Stored dataset items
-*-
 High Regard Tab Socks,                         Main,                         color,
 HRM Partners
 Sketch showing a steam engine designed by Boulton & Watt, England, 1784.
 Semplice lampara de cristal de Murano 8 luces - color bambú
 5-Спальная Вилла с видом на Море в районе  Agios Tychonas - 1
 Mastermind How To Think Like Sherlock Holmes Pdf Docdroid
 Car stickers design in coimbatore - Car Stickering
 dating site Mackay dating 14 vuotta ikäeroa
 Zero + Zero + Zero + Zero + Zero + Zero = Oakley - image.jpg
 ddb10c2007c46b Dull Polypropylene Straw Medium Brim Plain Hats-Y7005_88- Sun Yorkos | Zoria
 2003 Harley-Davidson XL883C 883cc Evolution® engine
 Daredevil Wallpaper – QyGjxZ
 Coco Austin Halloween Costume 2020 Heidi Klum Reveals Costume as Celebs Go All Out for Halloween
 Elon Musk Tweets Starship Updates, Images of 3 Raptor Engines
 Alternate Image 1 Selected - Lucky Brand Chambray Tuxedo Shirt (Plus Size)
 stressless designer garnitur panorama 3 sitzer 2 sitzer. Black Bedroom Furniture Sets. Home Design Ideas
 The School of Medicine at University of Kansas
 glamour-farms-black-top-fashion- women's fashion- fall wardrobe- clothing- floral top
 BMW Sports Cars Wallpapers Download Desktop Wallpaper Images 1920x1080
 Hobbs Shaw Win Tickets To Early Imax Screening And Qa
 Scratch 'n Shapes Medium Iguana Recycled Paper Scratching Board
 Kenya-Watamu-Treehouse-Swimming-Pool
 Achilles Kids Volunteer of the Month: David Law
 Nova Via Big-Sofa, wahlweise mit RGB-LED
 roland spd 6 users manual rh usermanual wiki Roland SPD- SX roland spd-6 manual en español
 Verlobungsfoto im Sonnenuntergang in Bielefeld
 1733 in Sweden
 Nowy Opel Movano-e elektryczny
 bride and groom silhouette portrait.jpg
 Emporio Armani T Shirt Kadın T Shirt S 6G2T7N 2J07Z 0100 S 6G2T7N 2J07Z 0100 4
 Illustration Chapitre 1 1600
-*-
Exact reproduction of every entry is needed.

EXPECTED ANSWER —
 High Regard Tab Socks,                         Main,                         color,
 HRM Partners
 Sketch showing a steam engine designed by Boulton & Watt, England, 1784.
 Semplice lampara de cristal de Murano 8 luces - color bambú
 5-Спальная Вилла с видом на Море в районе  Agios Tychonas - 1
 Mastermind How To Think Like Sherlock Holmes Pdf Docdroid
 Car stickers design in coimbatore - Car Stickering
 dating site Mackay dating 14 vuotta ikäeroa
 Zero + Zero + Zero + Zero + Zero + Zero = Oakley - image.jpg
 ddb10c2007c46b Dull Polypropylene Straw Medium Brim Plain Hats-Y7005_88- Sun Yorkos | Zoria
 2003 Harley-Davidson XL883C 883cc Evolution® engine
 Daredevil Wallpaper – QyGjxZ
 Coco Austin Halloween Costume 2020 Heidi Klum Reveals Costume as Celebs Go All Out for Halloween
 Elon Musk Tweets Starship Updates, Images of 3 Raptor Engines
 Alternate Image 1 Selected - Lucky Brand Chambray Tuxedo Shirt (Plus Size)
 stressless designer garnitur panorama 3 sitzer 2 sitzer. Black Bedroom Furniture Sets. Home Design Ideas
 The School of Medicine at University of Kansas
 glamour-farms-black-top-fashion- women's fashion- fall wardrobe- clothing- floral top
 BMW Sports Cars Wallpapers Download Desktop Wallpaper Images 1920x1080
 Hobbs Shaw Win Tickets To Early Imax Screening And Qa
 Scratch 'n Shapes Medium Iguana Recycled Paper Scratching Board
 Kenya-Watamu-Treehouse-Swimming-Pool
 Achilles Kids Volunteer of the Month: David Law
 Nova Via Big-Sofa, wahlweise mit RGB-LED
 roland spd 6 users manual rh usermanual wiki Roland SPD- SX roland spd-6 manual en español
 Verlobungsfoto im Sonnenuntergang in Bielefeld
 1733 in Sweden
 Nowy Opel Movano-e elektryczny
 bride and groom silhouette portrait.jpg
 Emporio Armani T Shirt Kadın T Shirt S 6G2T7N 2J07Z 0100 S 6G2T7N 2J07Z 0100 4
 Illustration Chapitre 1 1600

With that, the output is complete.